Aunt Julia and the Scriptwriter - Mario Vargas Llosa [206]
“To tell the truth, Pedrito doesn’t need much to eat on,” Pascual said. And he explained. “They live in a back alley in Santo Cristo. He’s really come down in the world, hasn’t he? My colleague, Dr. Rebagliati here, doesn’t believe me that he was somebody in the days when he wrote soap operas, when they mobbed him for autographs.”
We left the room. In the garage next door the young girl working on the account books, the reporters, and the kid bundling up return copies had all gone home. They had turned out the light and the jumble of office furniture and the disorder now had a certain eerie air about it. As we went out into the street, Dr. Rebagliati closed the door and locked it. Walking abreast, the four of us headed toward the Avenida Arica in search of a taxi. To make conversation, I asked why Pedro Camacho was just a messenger and not a reporter.
“Because he doesn’t know how to write,” Dr. Rebagliati answered predictably. “He’s pretentious, he uses words that nobody understands, the negation of journalism. That’s why I keep him on to make the rounds of the police stations. I don’t need him, but he entertains me, he’s my buffoon, and what’s more, he costs less than an office boy.” He laughed obscenely and asked: “Well now, to put it bluntly, am I or am I not invited to that lunch of yours?”
“Of course you are, that goes without saying,” Big Pablito answered. “You and Don Mario are the guests of honor.”

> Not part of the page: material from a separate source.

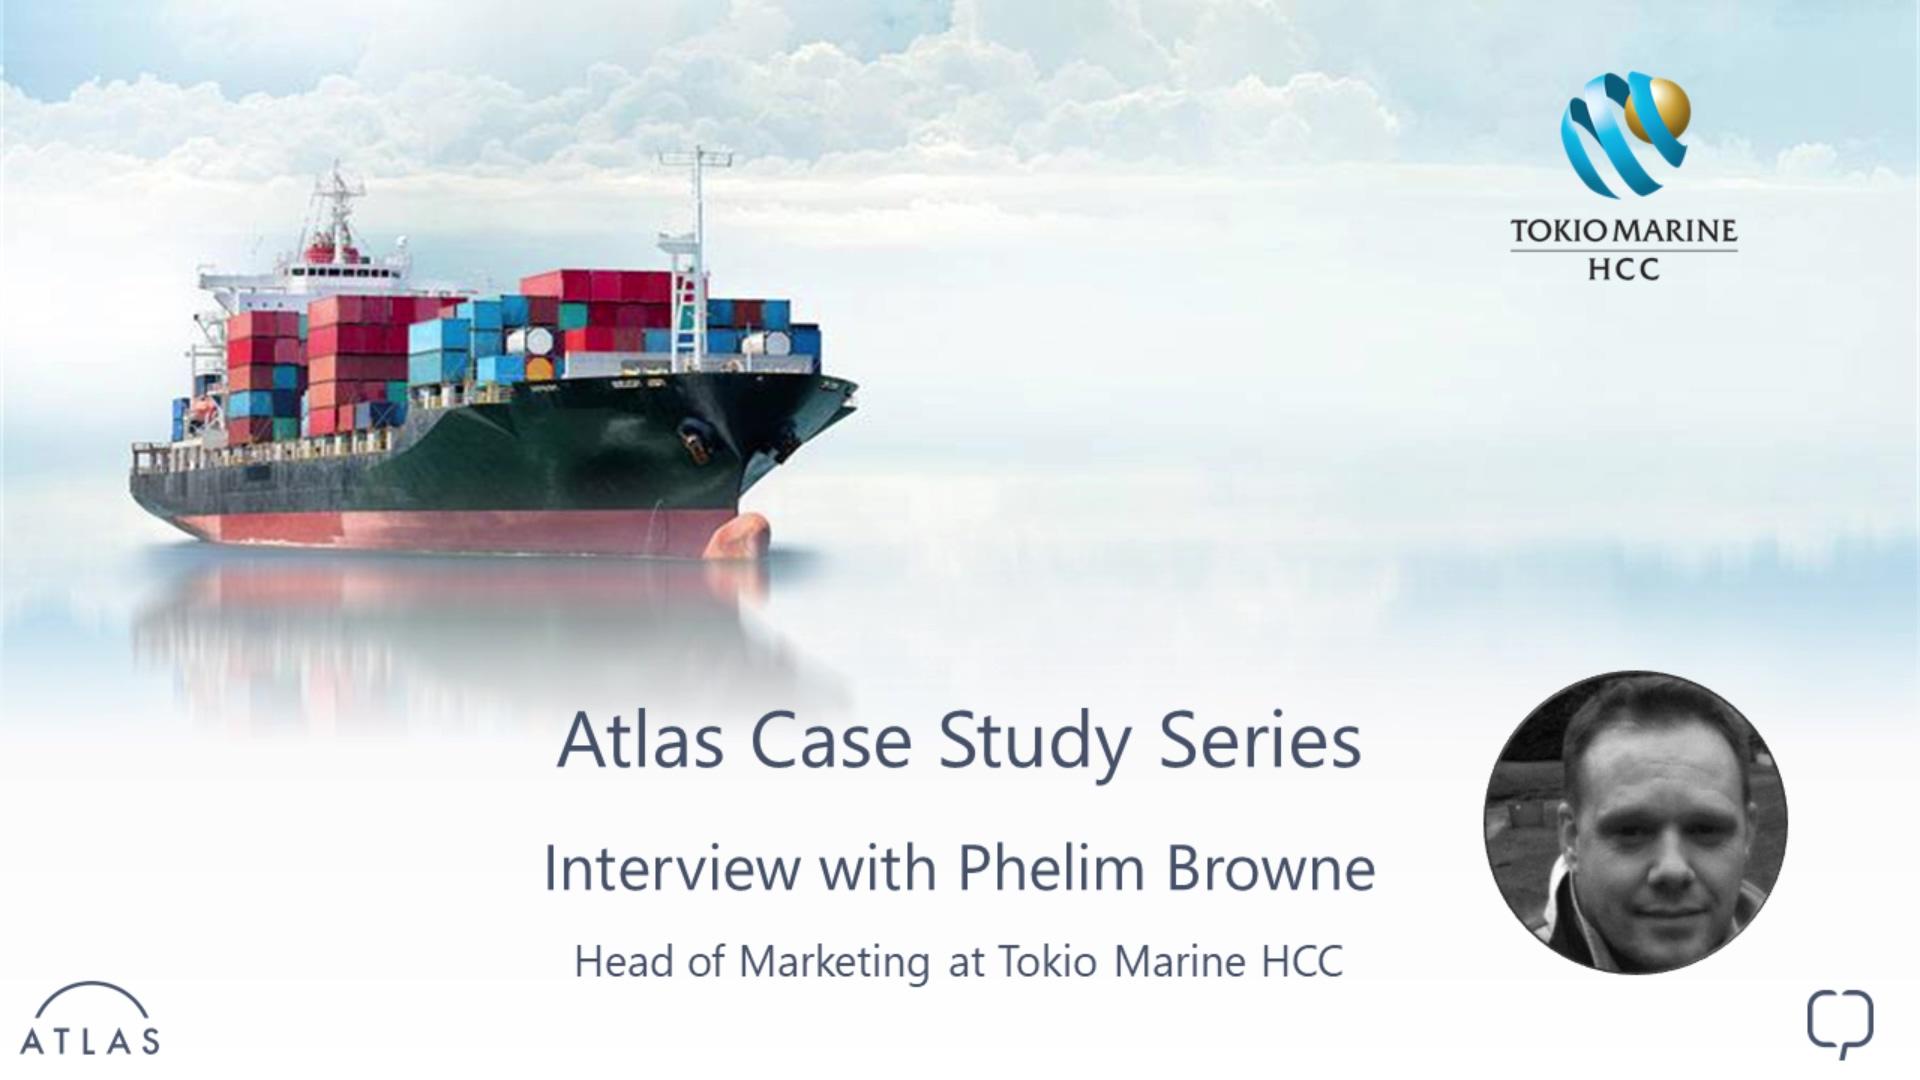 TMHCC Case Study - 001+002 - Atlas focus

“Pedro Camacho’s a guy with all sorts of weird ideas,” Pascual said, returning to the subject as we were heading for the Jirón Paruro in the taxi. “He refuses to take a bus, for instance. He goes everywhere on foot; he says it’s quicker. The very thought of how far he walks every day makes me tired; just making the rounds of the police stations in the middle of town takes him a good many miles. You saw the state his shoes were in, didn’t you?”

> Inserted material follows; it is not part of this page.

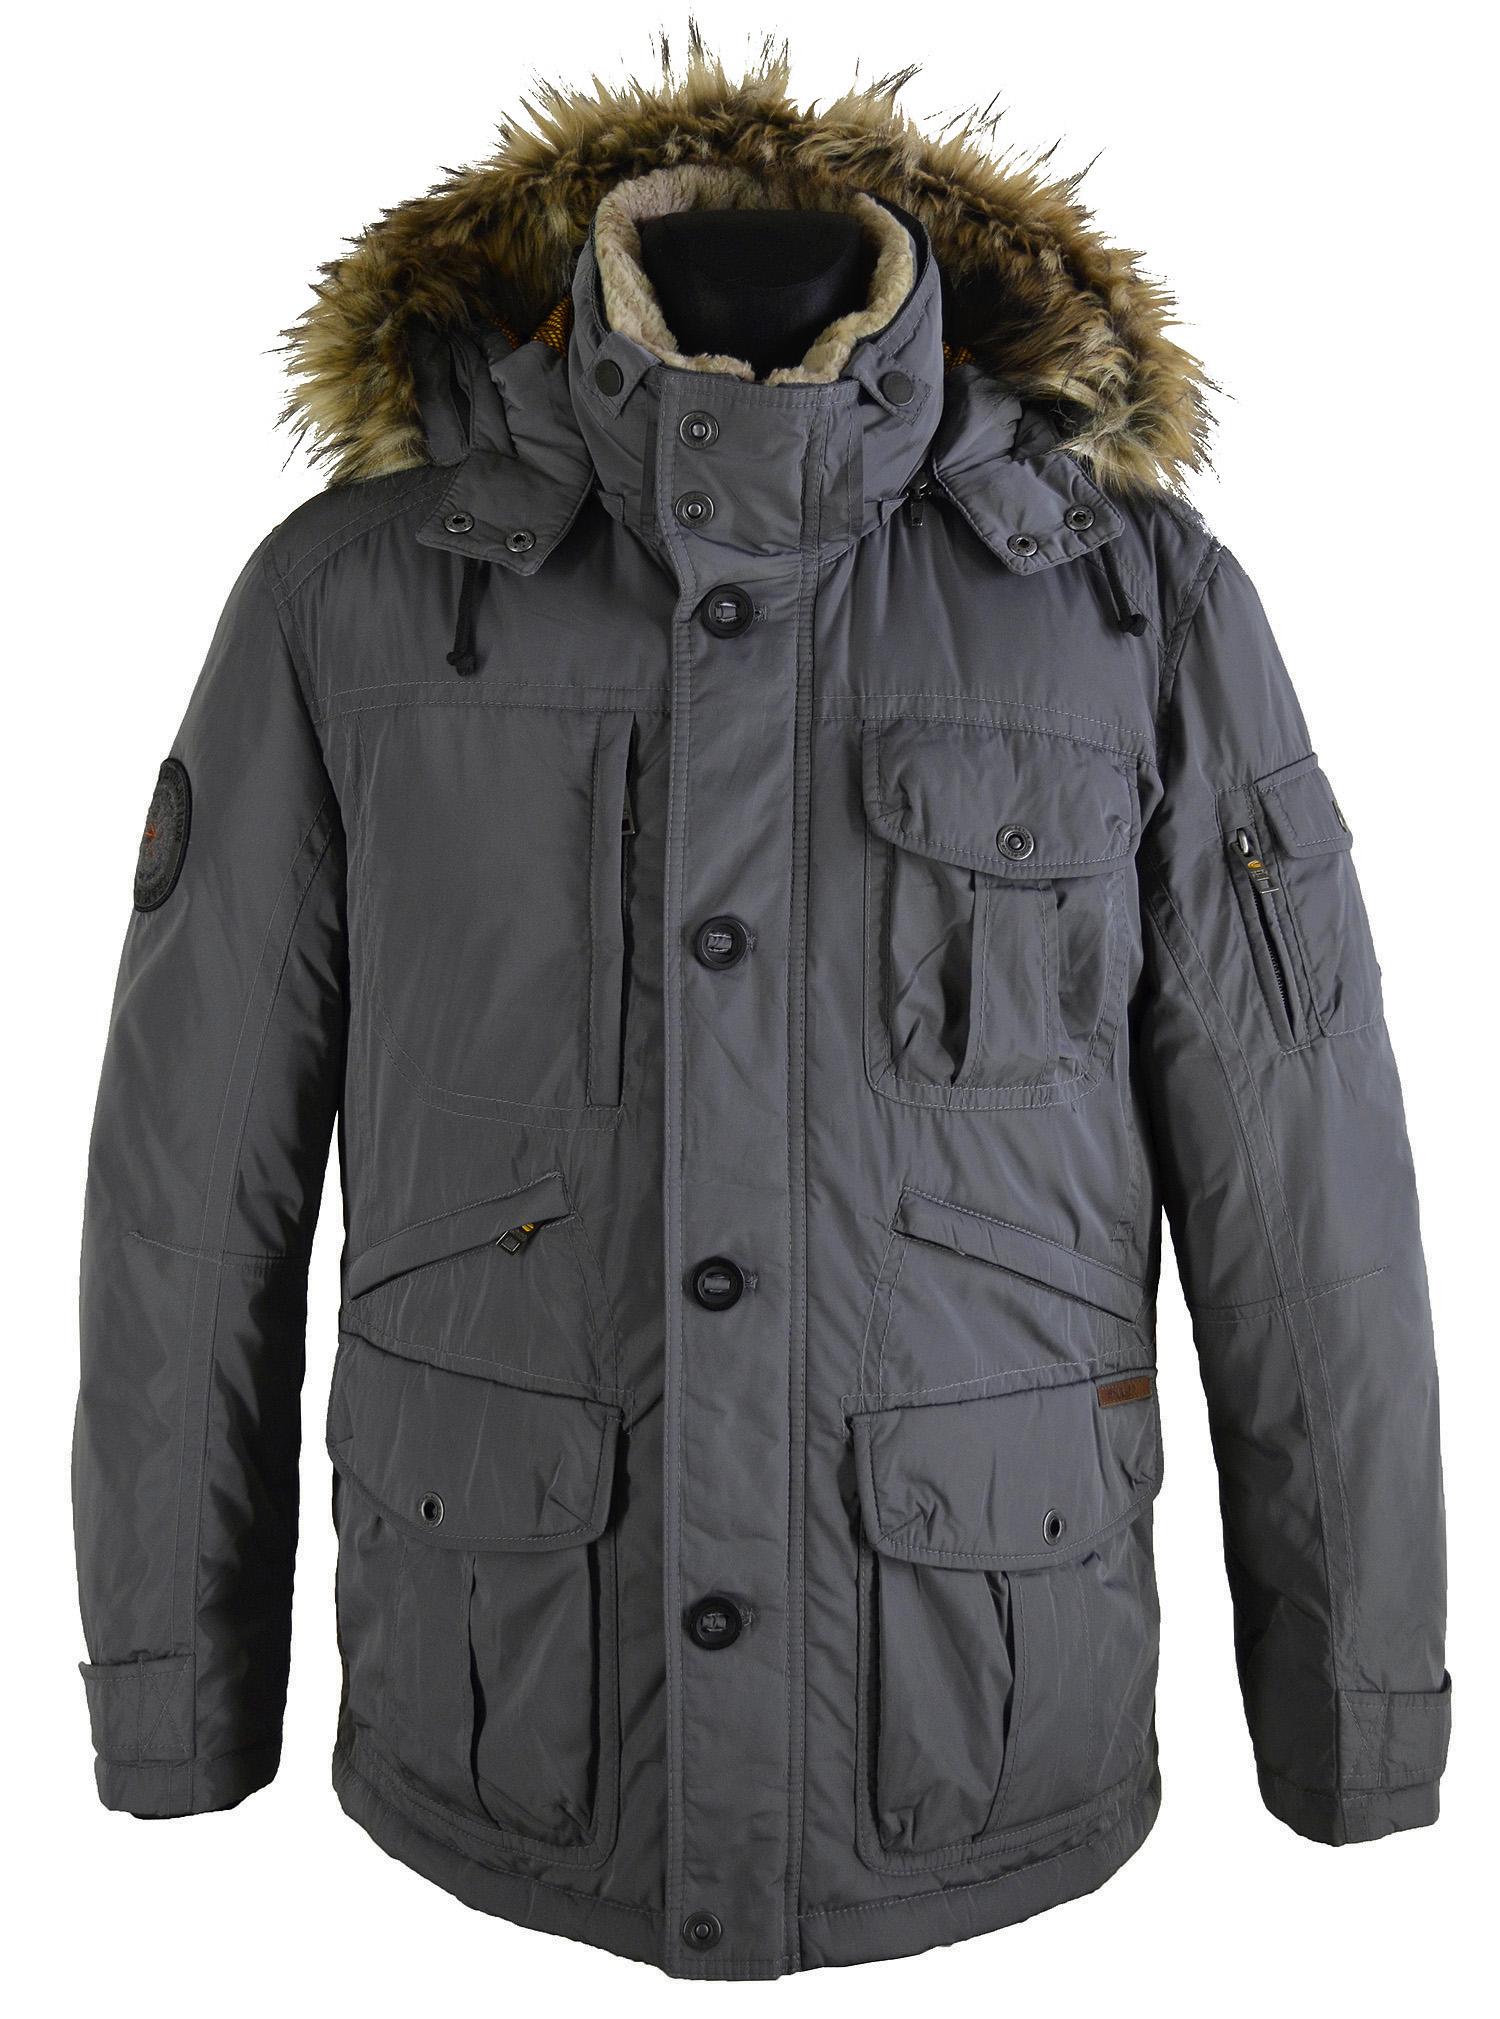 1d507c21dfff8 Качественный зимний пуховик для мужчин | Интернет магазин одежды OUTFIT

“He’s a fucking skinflint, that’s what,” Dr. Rebagliati said disgustedly.
“I don’t think he’s a tightwad,” Big Pablito defended him. “He’s just a wee bit touched in the head, and on top of it, a guy whose luck has run out.”
The lunch went on and on for hours, a succession of Peruvian dishes, multicolored and burning hot, washed down with cold beer, and there was a little of everything at it, risqué stories, anecdotes from bygone days, all sorts of gossip about one person or another, a pinch of politics, and I was obliged to try to satisfy, once again, the editor’s tireless curiosity regarding the women of Europe. There was even the threat of a fistfight at one point when Dr. Remagliati, drunk now, began to go too far with Big Pablito’s wife, a brunette of around forty who was still very attractive. But by straining my ingenuity, I contrived to keep the three of them from saying another word about Pedro Camacho all during that endless afternoon.
By the time I arrived at Aunt Olga’s and Uncle Lucho’s (who had gone from being my wife’s sister and brother-in-law to being my parents-in-law), night was falling. My head ached and I felt depressed. Cousin Patricia received me with a distinctly unfriendly look on her face. She told me that with all my alibis about gathering documentation for my novels I might well have been able to pull all kinds of fast ones on Aunt Julia and make her play dumb, not daring to say a word to me so people wouldn’t think she was committing a crime of lèse-culture. But as far as she, Patricia, was concerned, she couldn’t care less whether she committed crimes of lèse-culture, and therefore the next time I left the house at eight in the morning on the pretext that I was going to the Biblioteca Nacional to read the speeches of General Manuel Apolinario Odría and came back at eight in the evening with bloodshot eyes and reeking of beer, and no doubt with lipstick stains on my handkerchief, she’d scratch my eyes out or break a plate over my head. My cousin Patricia is a girl with lots of spirit, quite capable of doing precisely what she’s promised.